**Activity**
Retype the data below exactly, skipping pictures.

**Given data**
============================================================

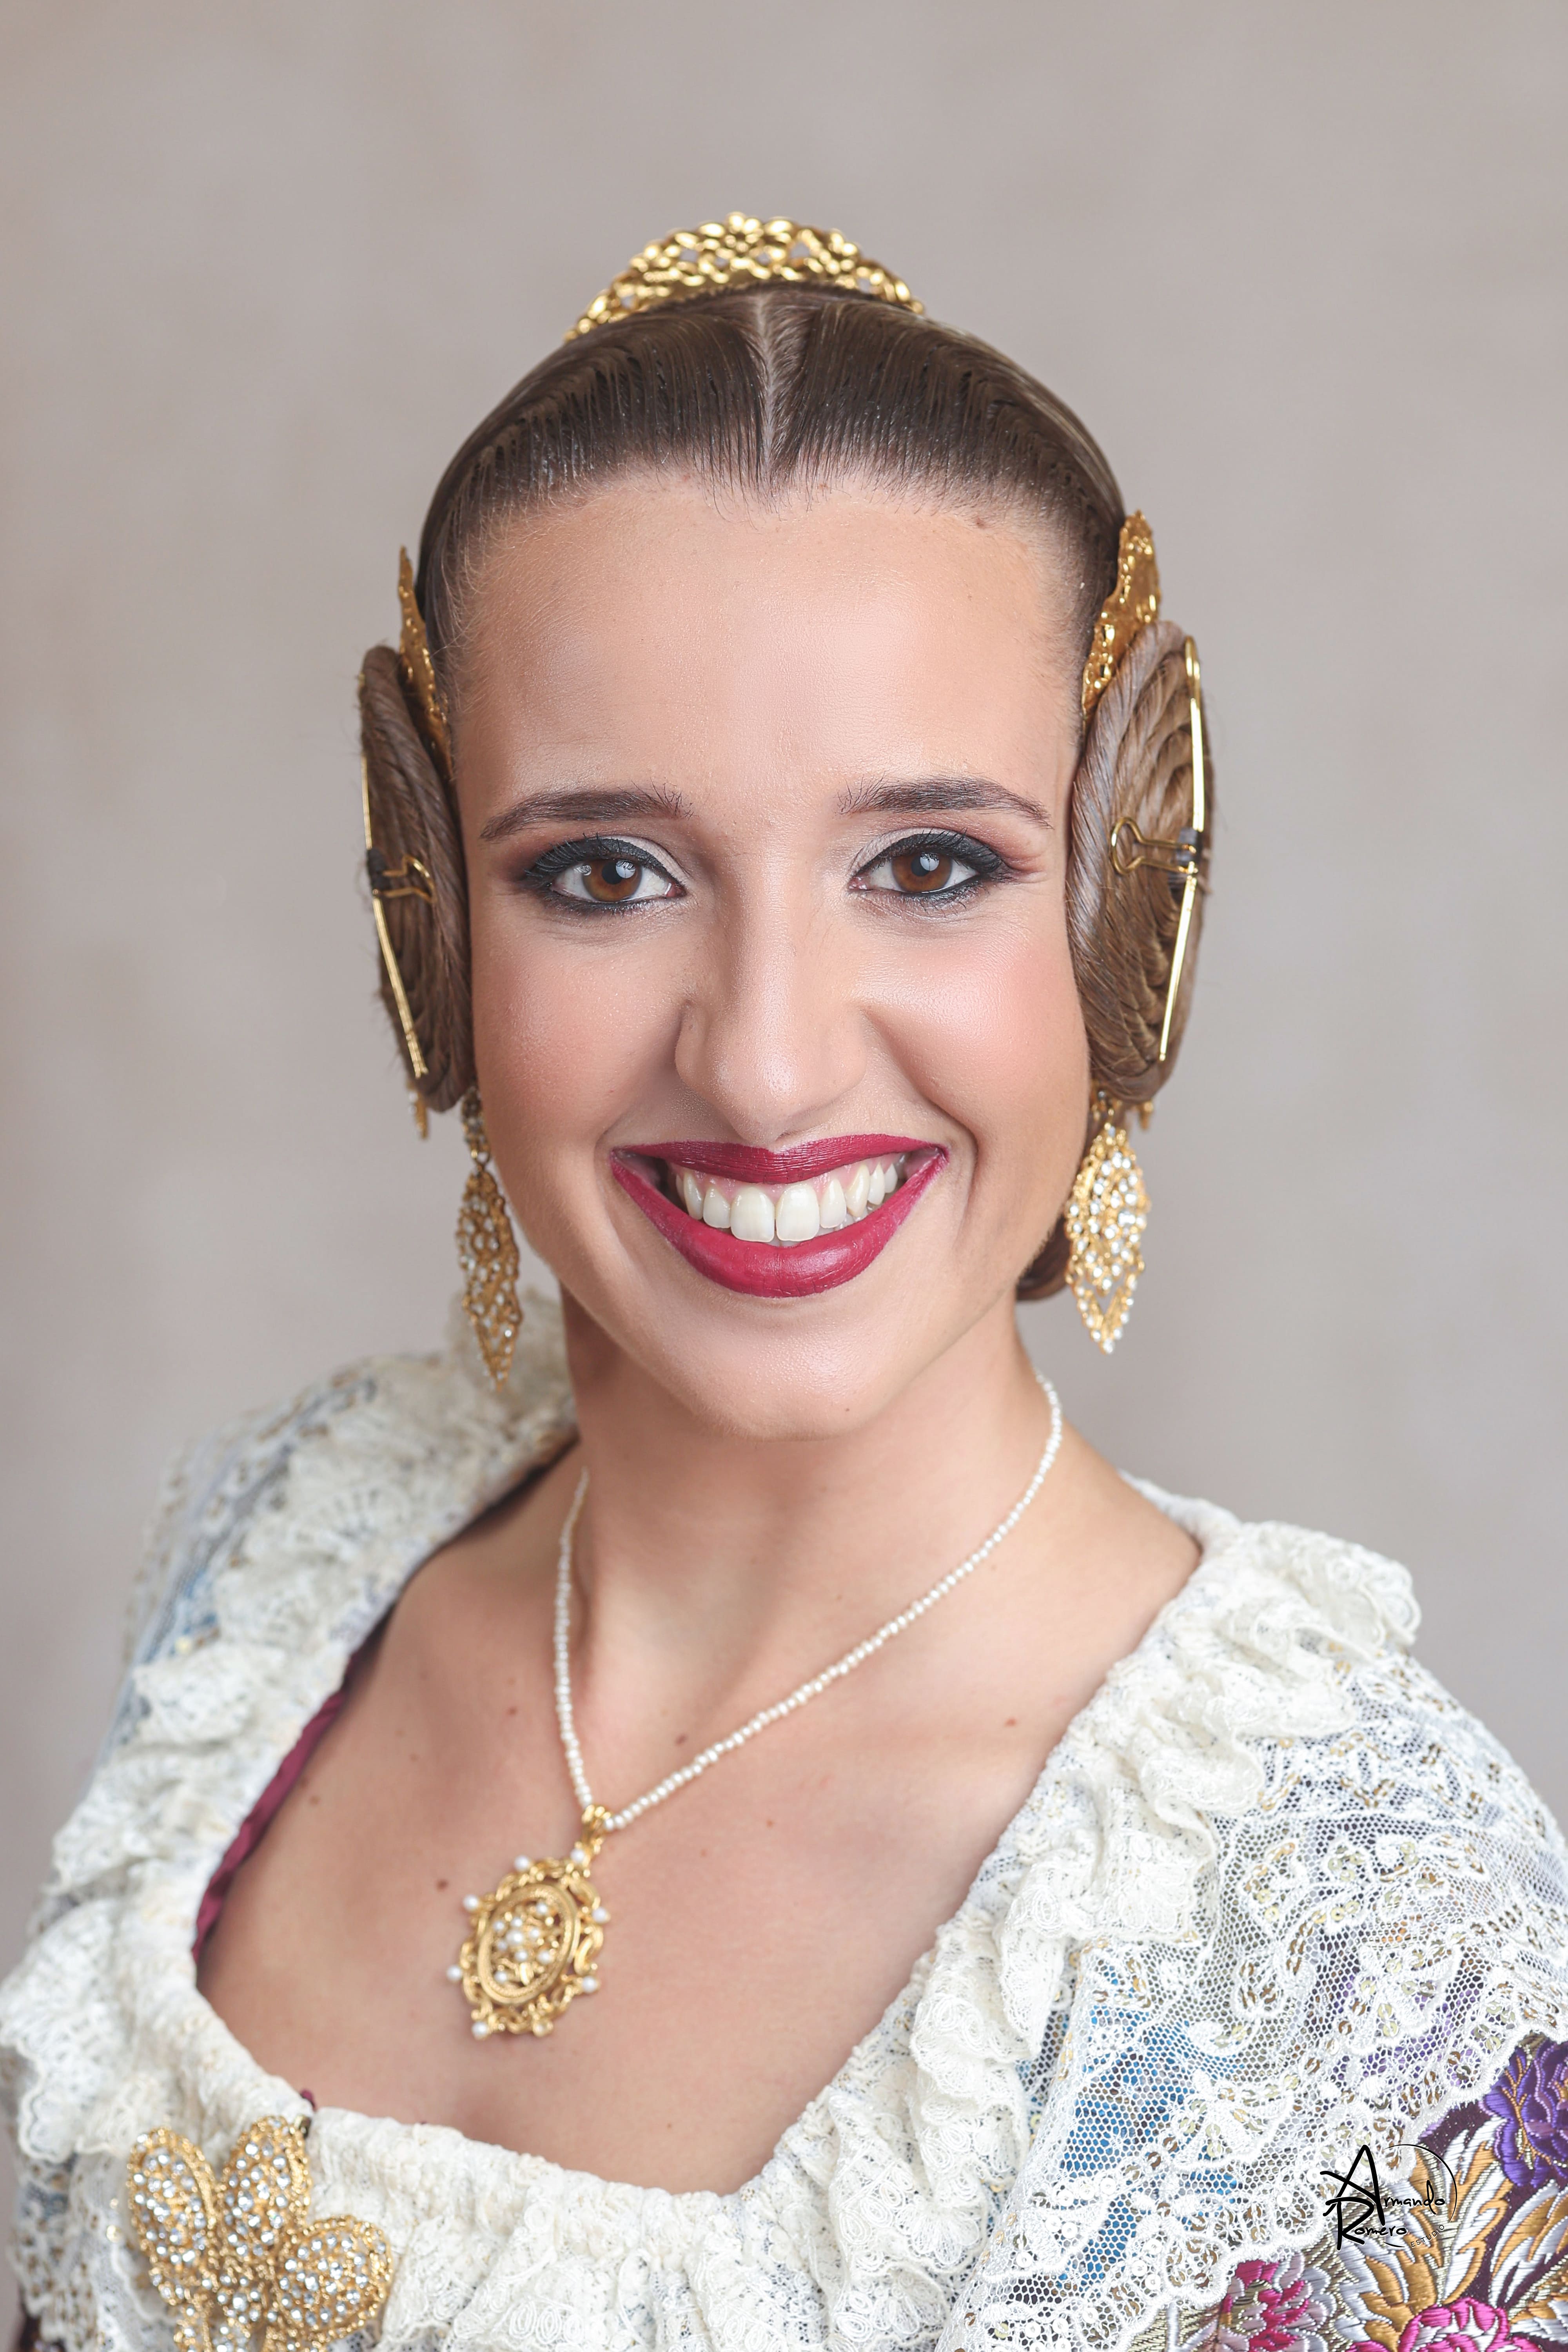 Carolina Urgel Martínez
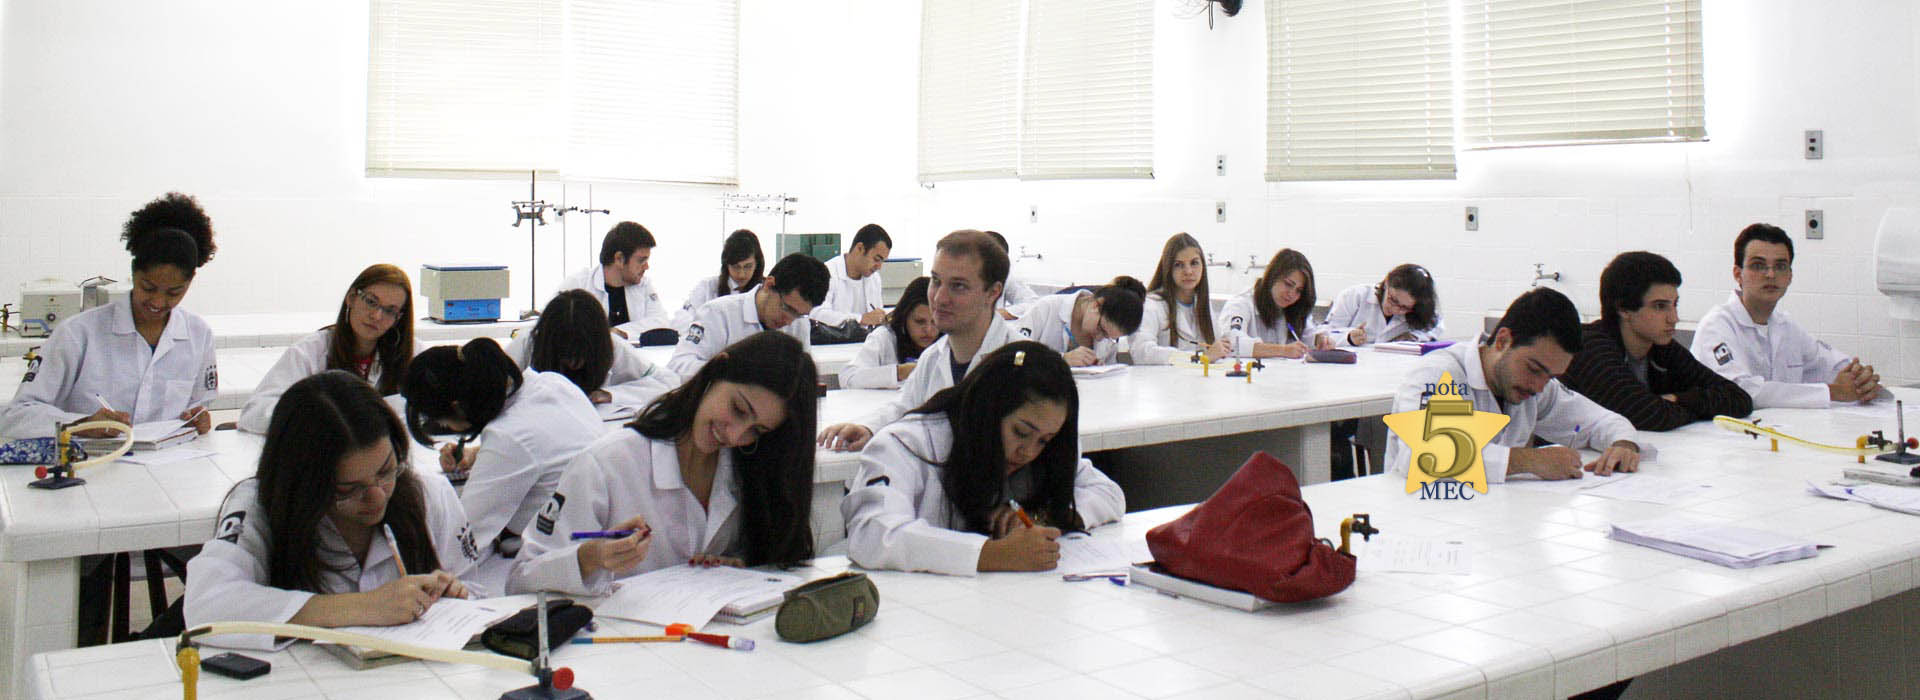 Diversos alunos vestidos de jalecos brancos sentados escrevendo.
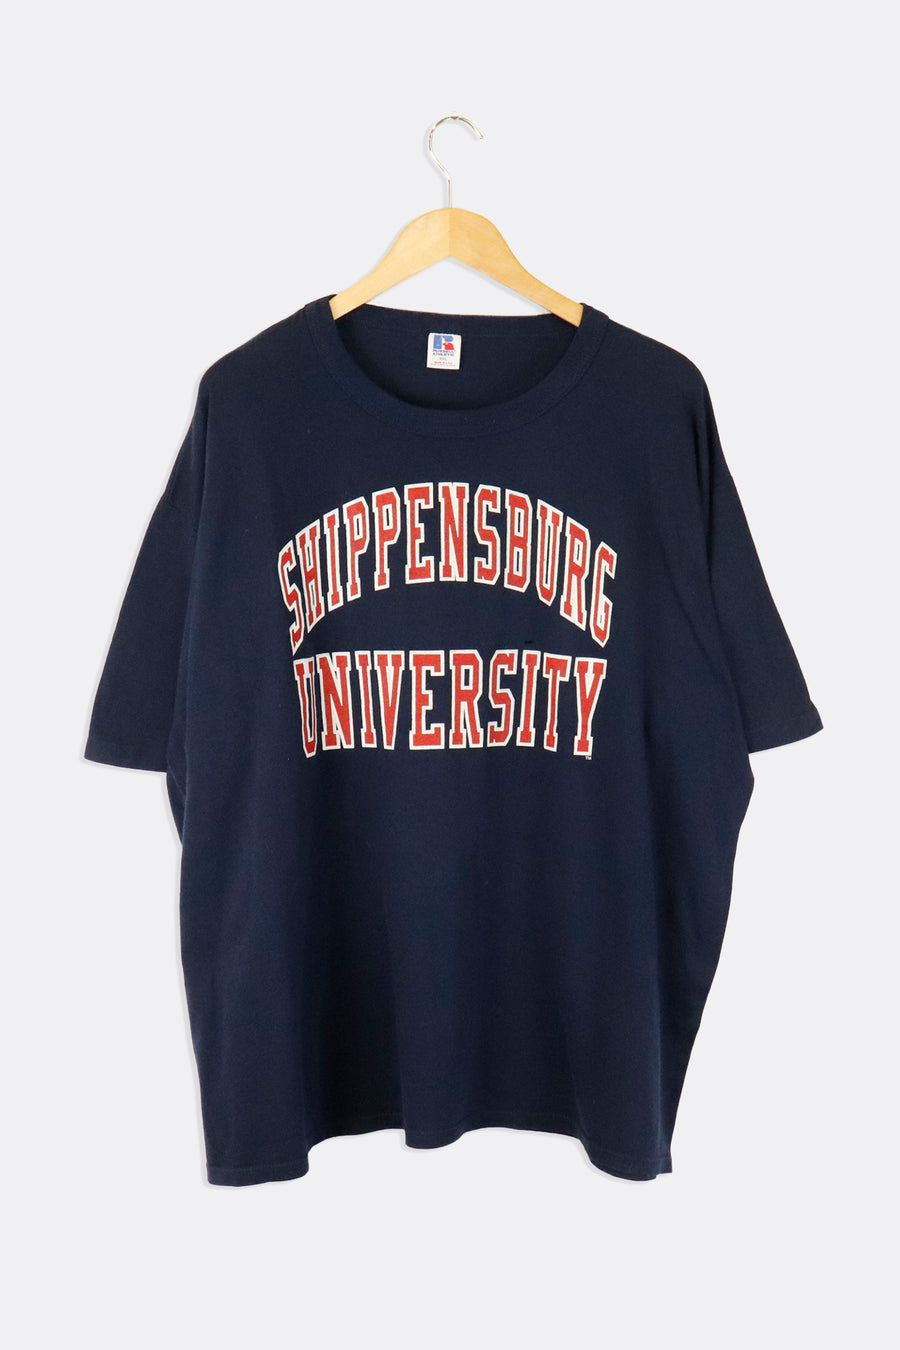 Vintage Varsity Shippensburg University Red Lettering Outlined In White Vinyl Simple T Shirt Sz 2XL

============================================================

**Your solution**
 Carolina Urgel Martínez
 Diversos alunos vestidos de jalecos brancos sentados escrevendo.
 Vintage Varsity Shippensburg University Red Lettering Outlined In White Vinyl Simple T Shirt Sz 2XL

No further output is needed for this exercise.